The leftmost image shows generations from a model $p$ that was trained on the full dataset, where we clearly see that $p$ generates the two copyrighted works. Our algorithm starts by splitting this dataset into two disjoint datasets, where the two copyrighted images are split into two different shards, and it trains two models $q_1,q_2$ on these disjoint shards. The result is two models such that each generates the CIFAR-10 distribution, but also has a significant chance to output the memorized example.

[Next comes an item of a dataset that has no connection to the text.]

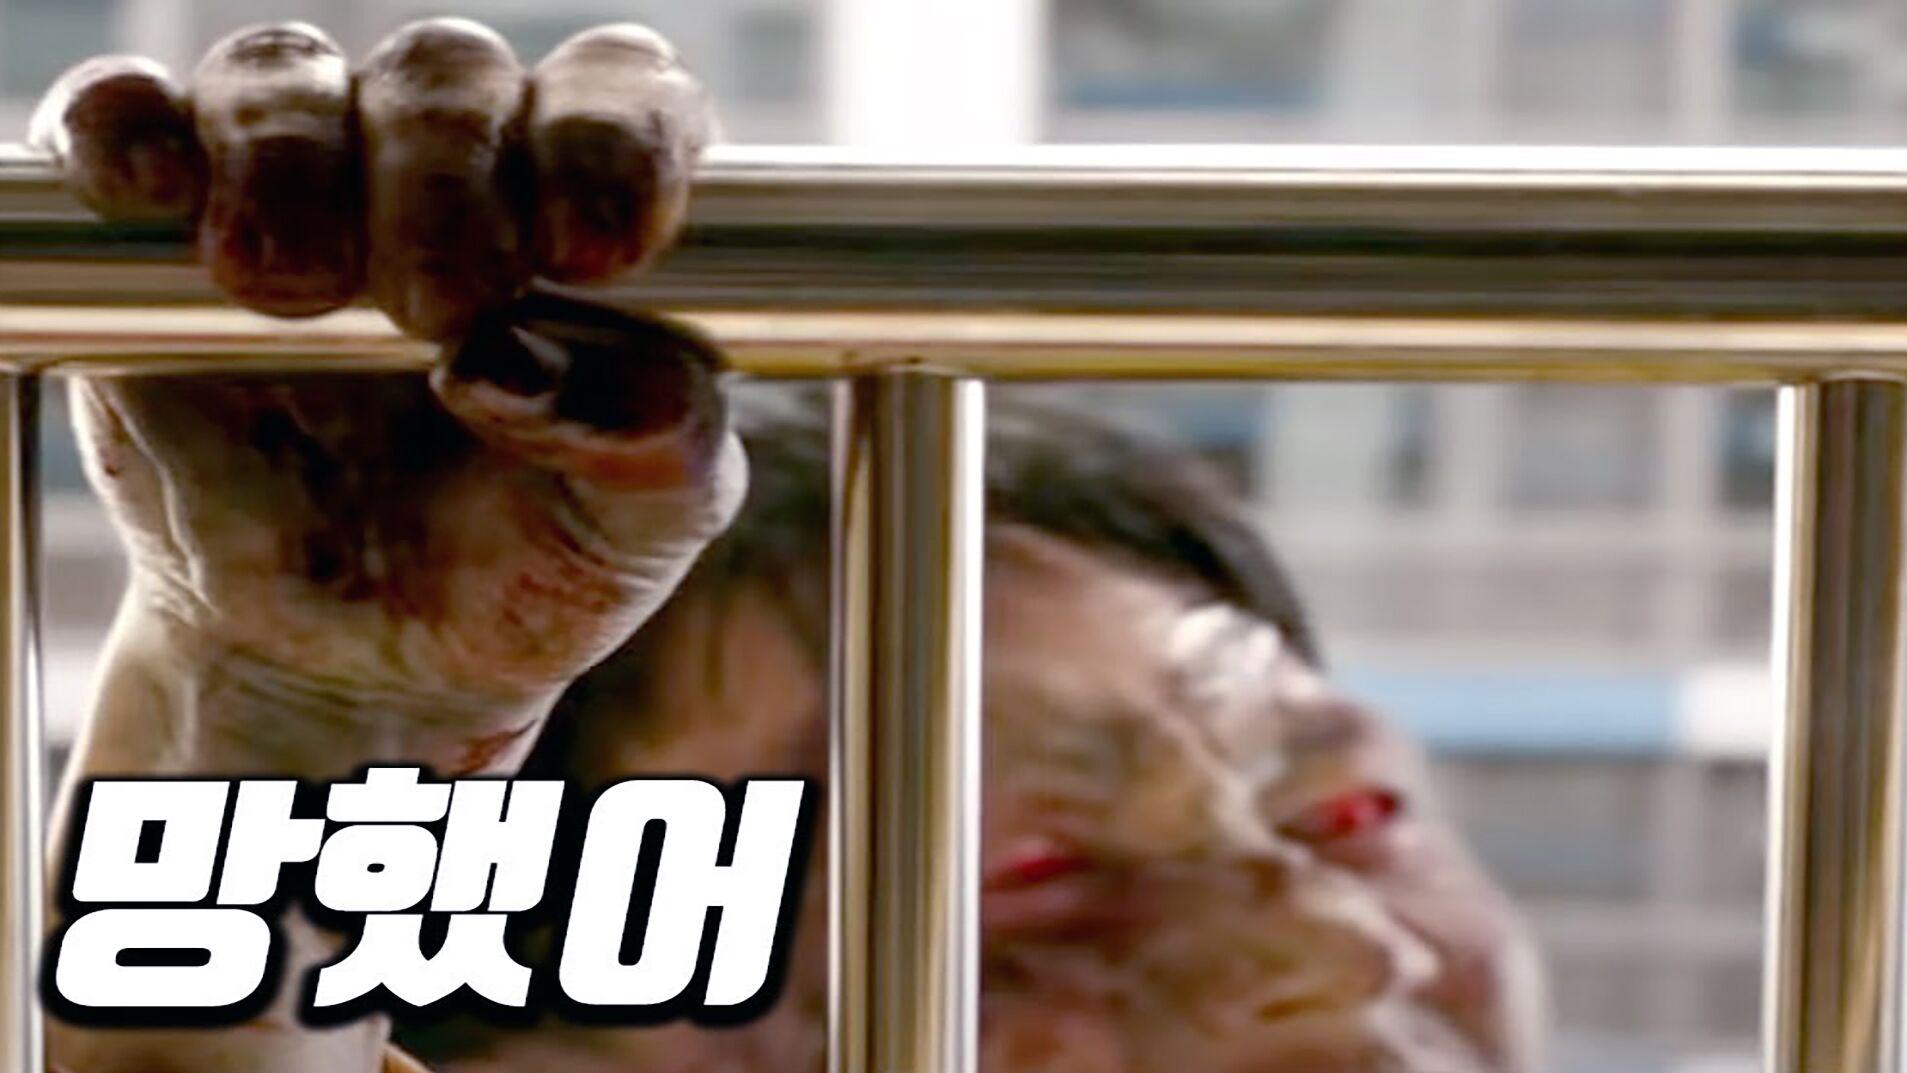 《活着》2020最新丧尸电影。继釜山行后,韩国又爆发了丧尸狂潮

Yet when we combine all three of models using the CP-k algorithm, we obtain a model that agrees with them on the shared part of the distribution but is highly unlikely to output either one of the memorized images.

See the paper ( https://arxiv.org/abs/2302.10870 ) for the full details of our definitions, theorems, and experiments. We believe that there is much room for follow-up work, including optimization of performance, as well as much larger-scale experiments.